Today, this is about Japan!
SO! I saw amazing things in Japan, I took amazing pictures, I had an amazing travel buddy...and yet, challenging! My other international trips felt more accessible to me. I think one mistake with this trip was to cram 3 cities into one week, which meant by the time I felt oriented in each city it was time to hop along to the next one. As someone who has felt confident and secure on all previous trips, it put a dent in my travel confidence to feel so overwhelmed on this one. And, it seemed like the phrases and politeness we used in one city would work well and in the next city would result in getting waved away or yelled at. I am sure tourists experience the same thing anywhere in the world, depending on who they interact with, but somehow it was a first for me.
Also, the food was admittedly difficult for me, which I didn't expect. I had a few things I loved -- like some fabulous sashimi at the fish market in Tokyo, and some amazing bowls of ramen. A lot of the times though, the flavors and textures I encountered didn't sit well with me (turns out Japan is really into tofu and I am...not so much...haha). Obviously this is all personal preference, and I'd never want to deter anyone who might actually have the right palate for this country. But for me and my travel companion, it meant a lot of feeling hungry and....just going to own up to this...eating at McDonald's four times just to feel full on something familiar. (Probably equals the number of times I've been to McDonald's in the past two years combined haha) (More of an In 'n Out and Chick-Fil-A girl, myself.)
This trip taught me a couple key things:
1) I want to be much more compassionate toward tourists and refugees in my own country. How overwhelming it is to feel like you can't read any signs, the food feels really foreign, and it's hit or miss if people will help you out or turn you away. I neverrrr want to make anyone feel that way! And I can't imagine experiencing those barriers AND having no home country to ever go back to. Makes my heart hurt. I was so, so, so, so grateful for the people along the way who answered our broken-Japanese questions or walked us across train stations to find trains we NEVER would have found on our own, etc. Heart throbs for those beautiful people!

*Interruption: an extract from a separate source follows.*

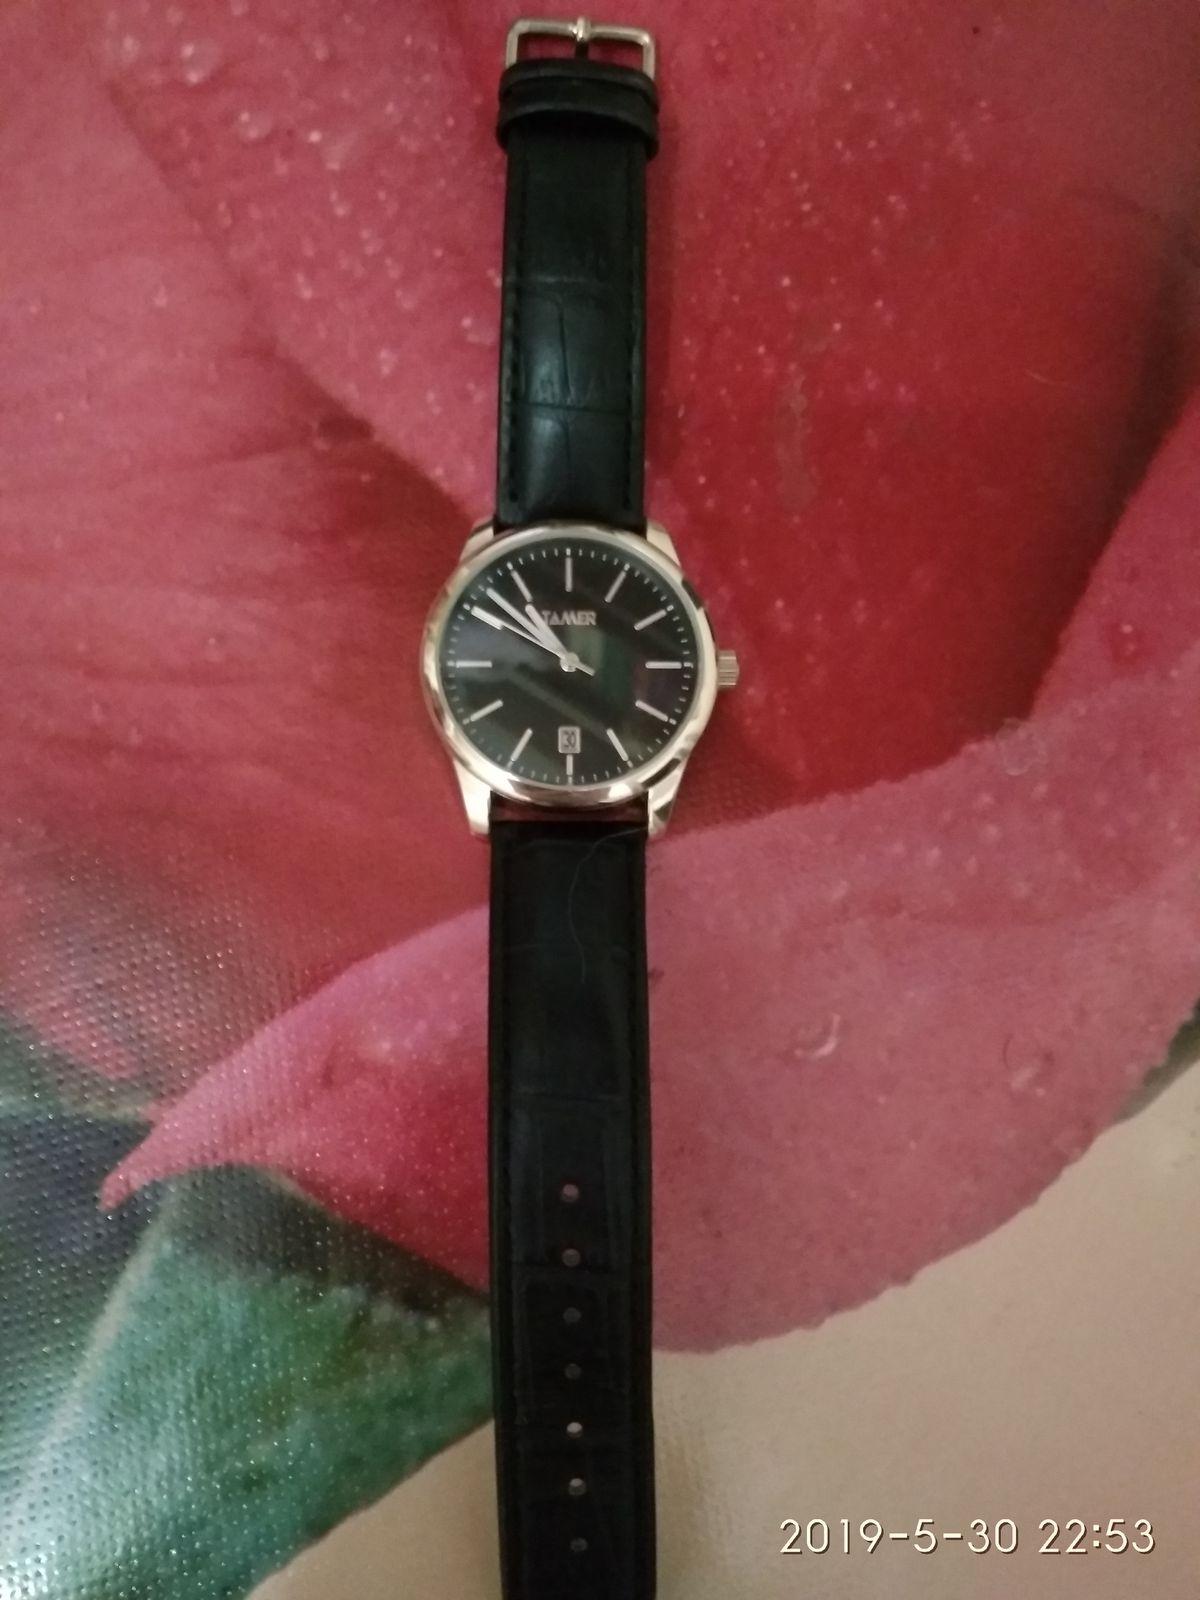 Недорогие, но стильные часы.

2) Next time I travel to an Asian country, I'm hiring a guide! I definitely got a confidence boost whenever I figured something out on my own (who's your daddy, Kyoto metro map), but the time/money spent on the setbacks would have been soooo nice to avoid. With a guide (or just a friend who speaks the language), I could have enjoyed all the amazing sights without all the time/money/frustration spent figuring things out. Plus, Japan is super safe. I kept thinking how much worse those hard moments would have felt in a country where I'd also have to worry much more about my safety when things went wrong. Lessons learned in advance for next time!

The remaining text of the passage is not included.